*Data shown*:
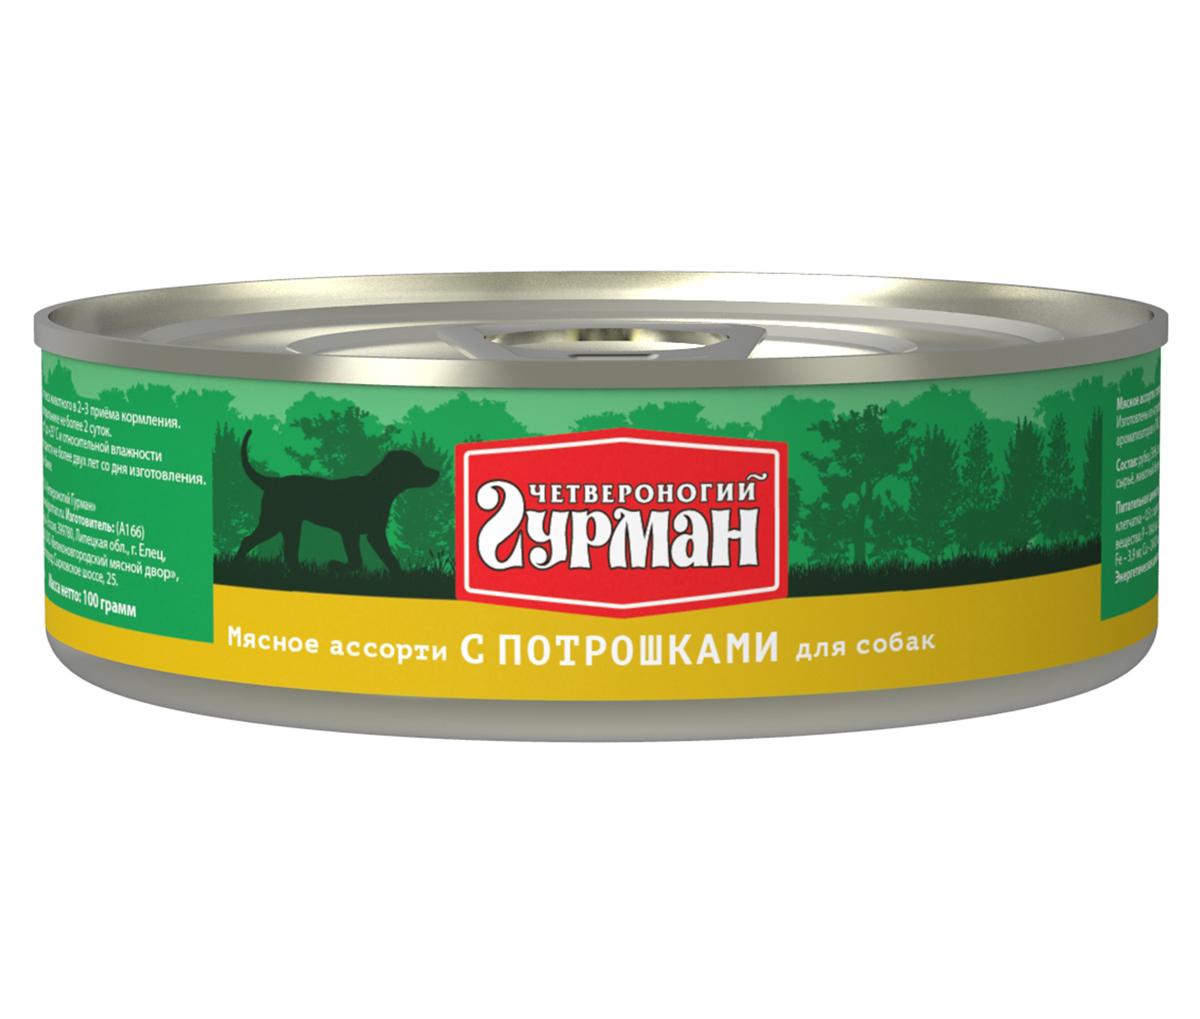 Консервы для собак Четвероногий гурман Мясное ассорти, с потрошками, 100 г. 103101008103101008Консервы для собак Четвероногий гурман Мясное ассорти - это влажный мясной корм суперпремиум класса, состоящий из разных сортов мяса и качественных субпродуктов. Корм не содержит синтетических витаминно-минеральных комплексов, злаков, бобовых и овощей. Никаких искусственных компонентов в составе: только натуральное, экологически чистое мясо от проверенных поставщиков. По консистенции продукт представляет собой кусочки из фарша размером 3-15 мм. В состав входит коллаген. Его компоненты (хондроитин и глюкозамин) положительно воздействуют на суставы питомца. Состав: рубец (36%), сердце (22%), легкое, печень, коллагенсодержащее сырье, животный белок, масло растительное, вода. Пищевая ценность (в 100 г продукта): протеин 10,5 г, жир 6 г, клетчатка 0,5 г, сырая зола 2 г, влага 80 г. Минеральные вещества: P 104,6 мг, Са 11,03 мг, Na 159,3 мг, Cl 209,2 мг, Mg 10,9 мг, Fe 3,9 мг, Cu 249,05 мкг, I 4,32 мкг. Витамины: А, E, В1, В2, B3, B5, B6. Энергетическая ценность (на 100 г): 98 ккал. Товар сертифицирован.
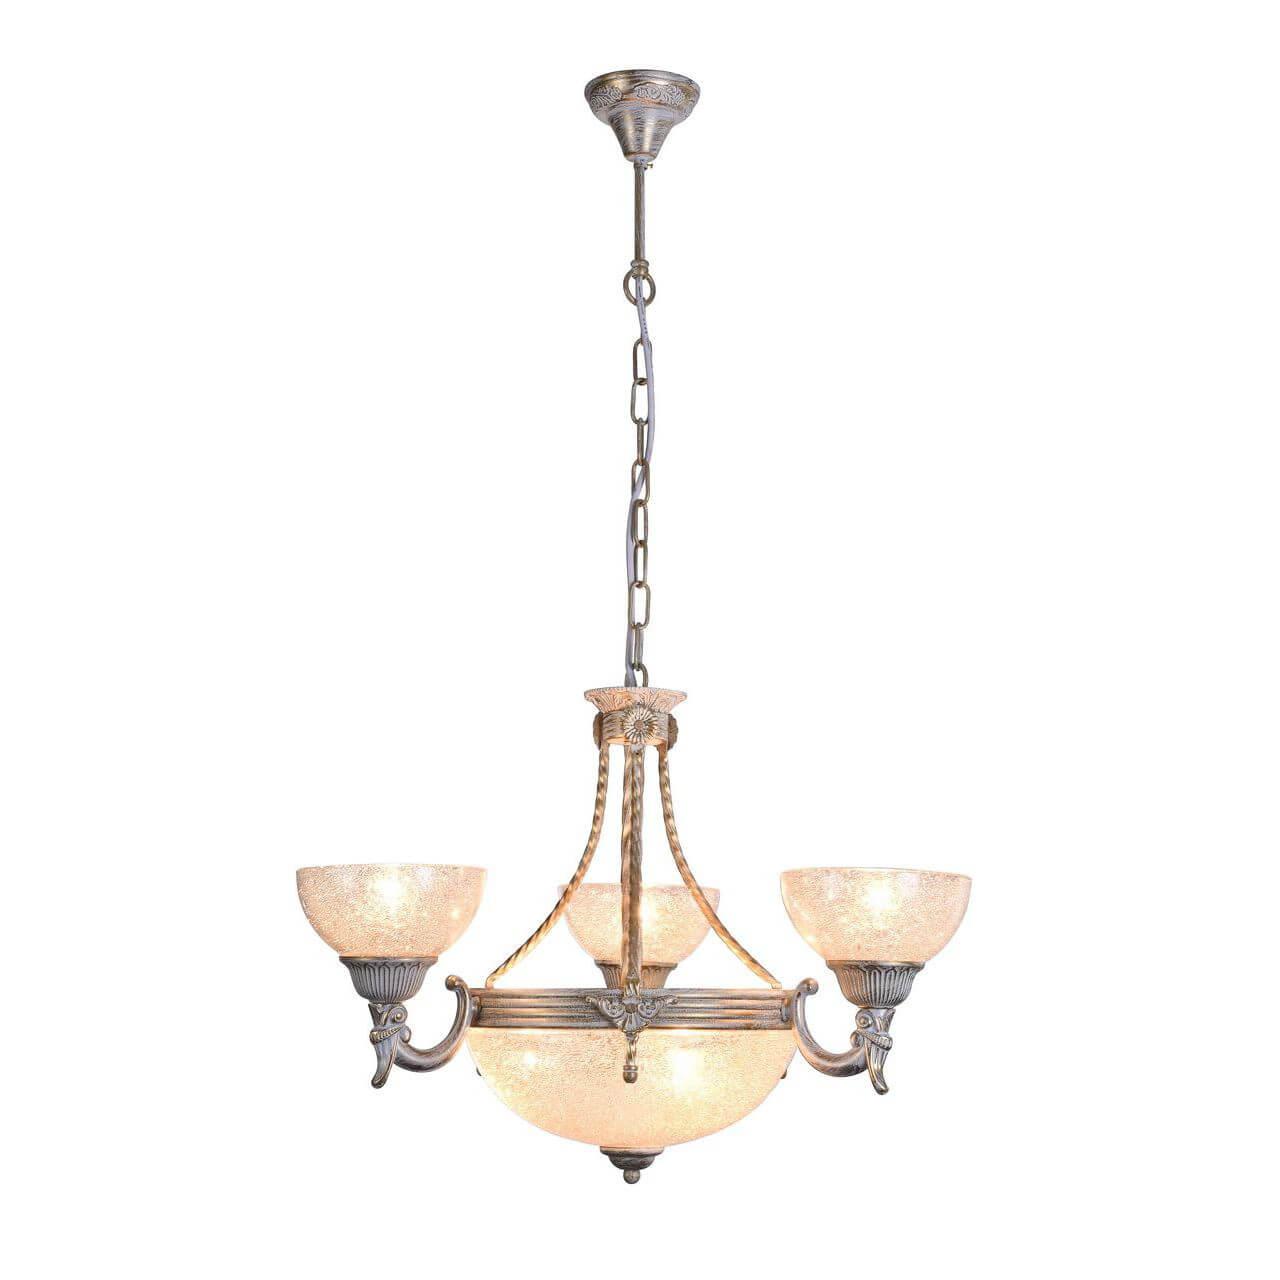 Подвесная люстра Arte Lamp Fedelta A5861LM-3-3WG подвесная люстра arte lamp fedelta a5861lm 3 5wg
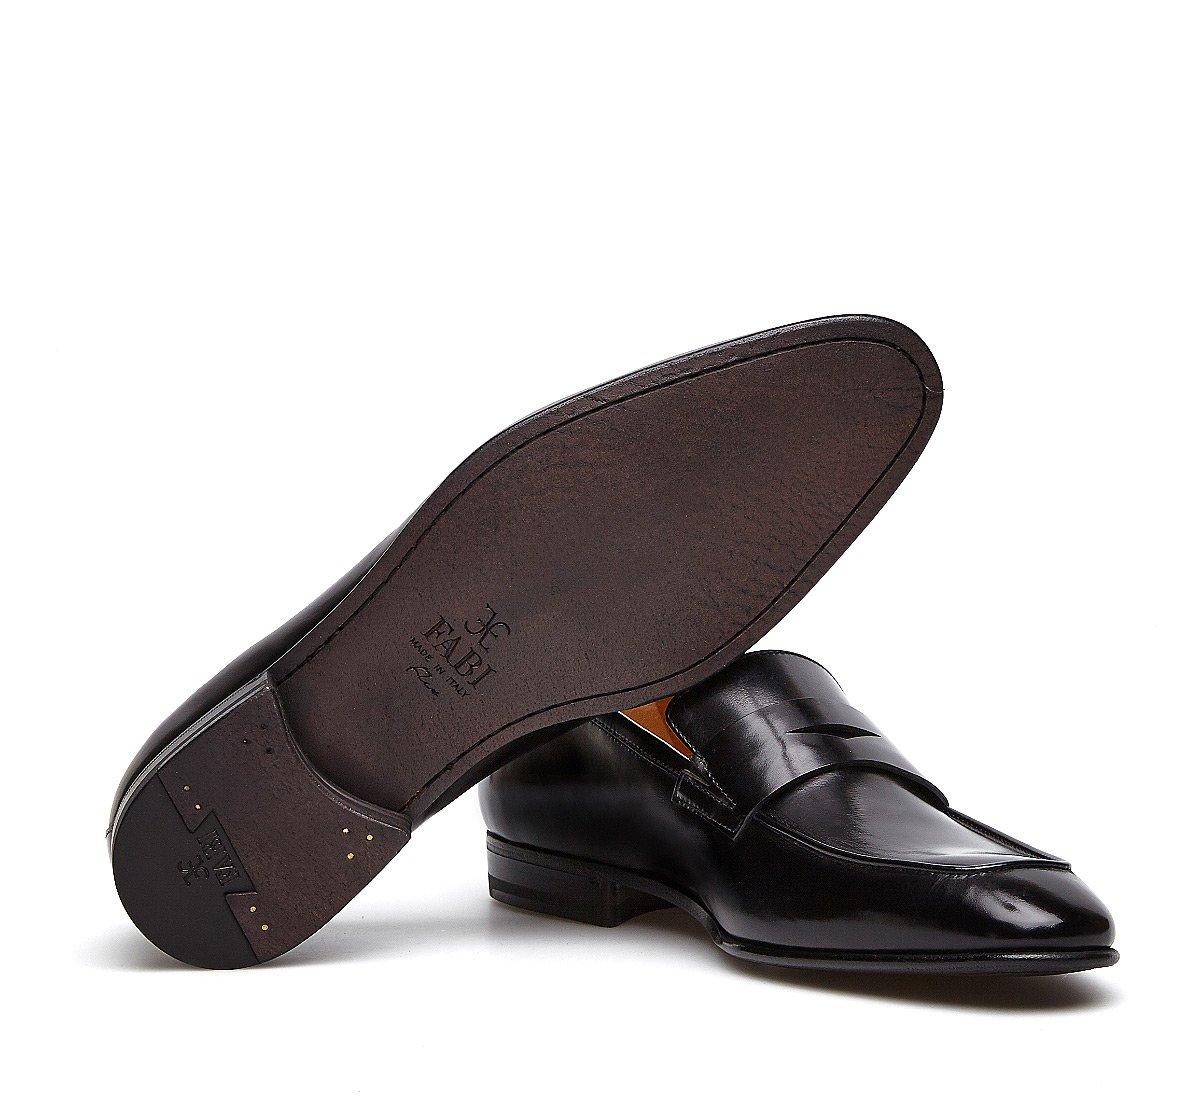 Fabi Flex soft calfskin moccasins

--

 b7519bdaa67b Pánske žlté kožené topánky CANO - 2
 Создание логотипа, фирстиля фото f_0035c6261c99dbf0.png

*Task statement*:
Respond with the exact lines above running from the one containing "Подвесная люстра Arte Lamp Fedelta A5861LM-3-3WG" to the one containing "Fabi Flex soft calfskin moccasins", both ends kept and no pictures included.

*Expected answer*:
 Подвесная люстра Arte Lamp Fedelta A5861LM-3-3WG подвесная люстра arte lamp fedelta a5861lm 3 5wg
 Fabi Flex soft calfskin moccasins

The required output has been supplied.